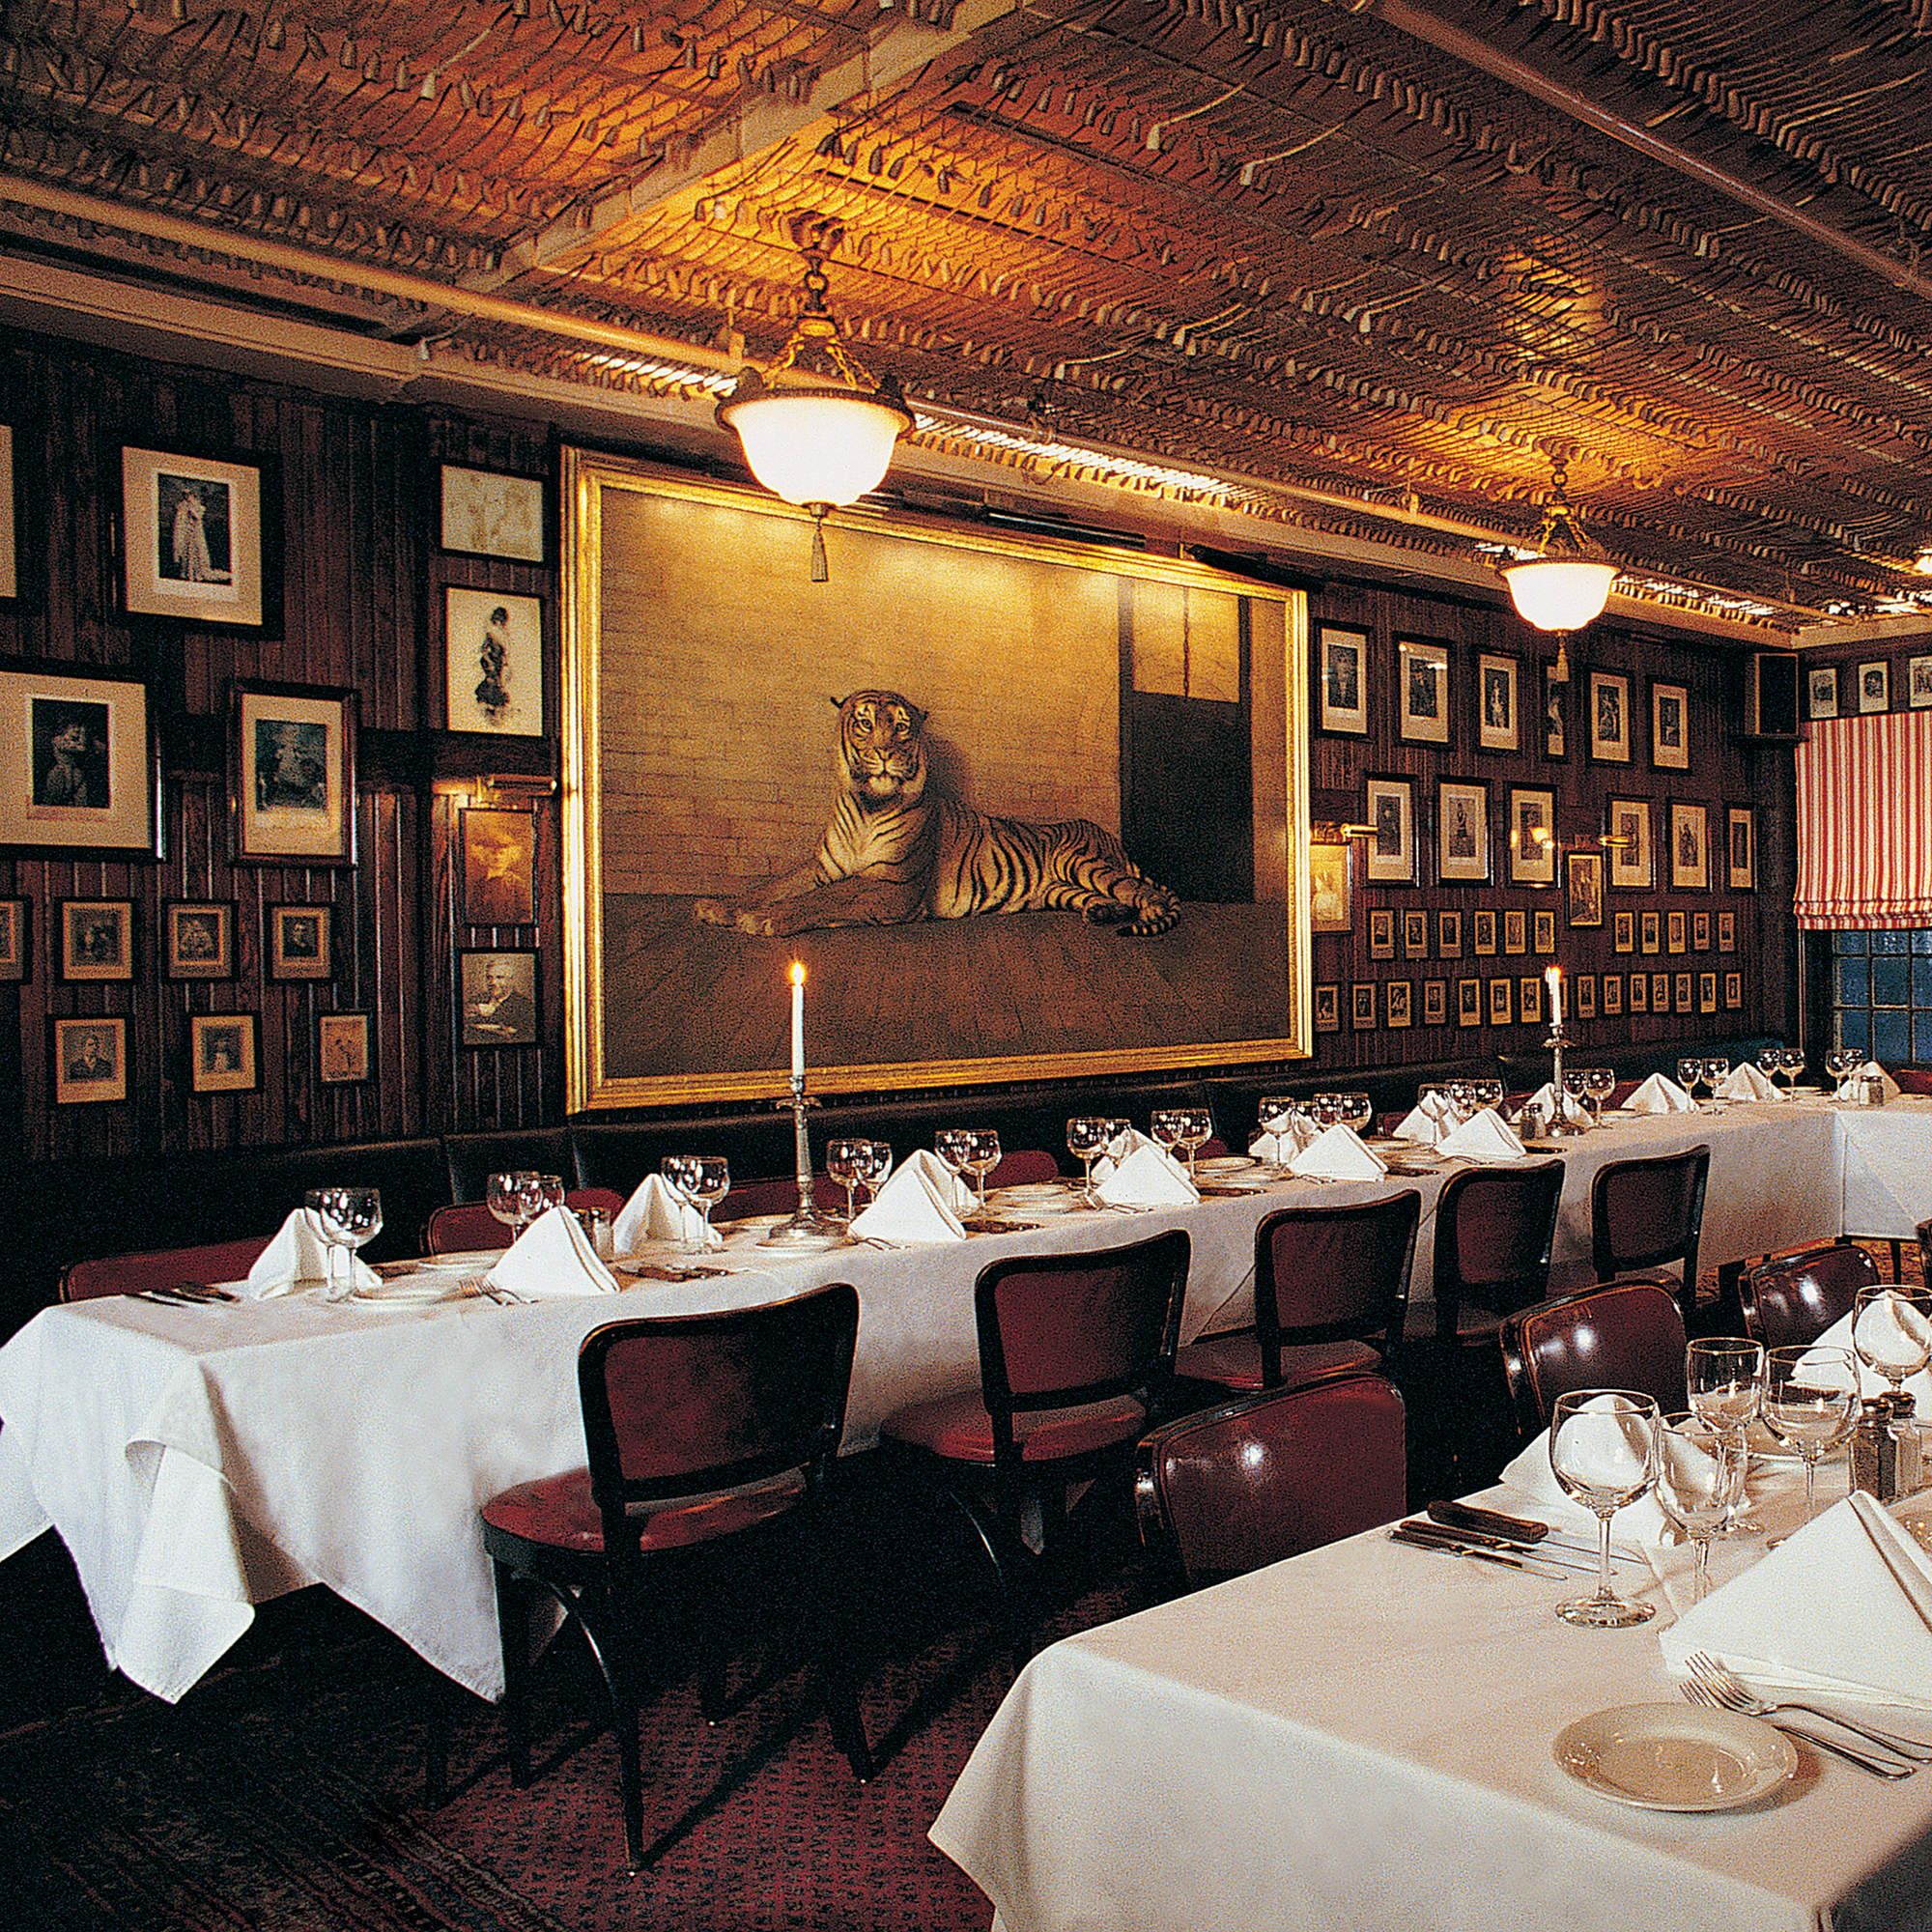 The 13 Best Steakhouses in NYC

--

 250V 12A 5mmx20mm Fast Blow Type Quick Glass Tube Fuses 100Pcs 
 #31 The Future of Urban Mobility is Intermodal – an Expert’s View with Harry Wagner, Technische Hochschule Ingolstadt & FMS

(Exercise description)
Return only the part of the records above that opens with the line containing "250V 12A 5mmx20mm" and closes with the line containing "#31 The Future", ends included.

(Result of the exercise)
 250V 12A 5mmx20mm Fast Blow Type Quick Glass Tube Fuses 100Pcs 
 #31 The Future of Urban Mobility is Intermodal – an Expert’s View with Harry Wagner, Technische Hochschule Ingolstadt & FMS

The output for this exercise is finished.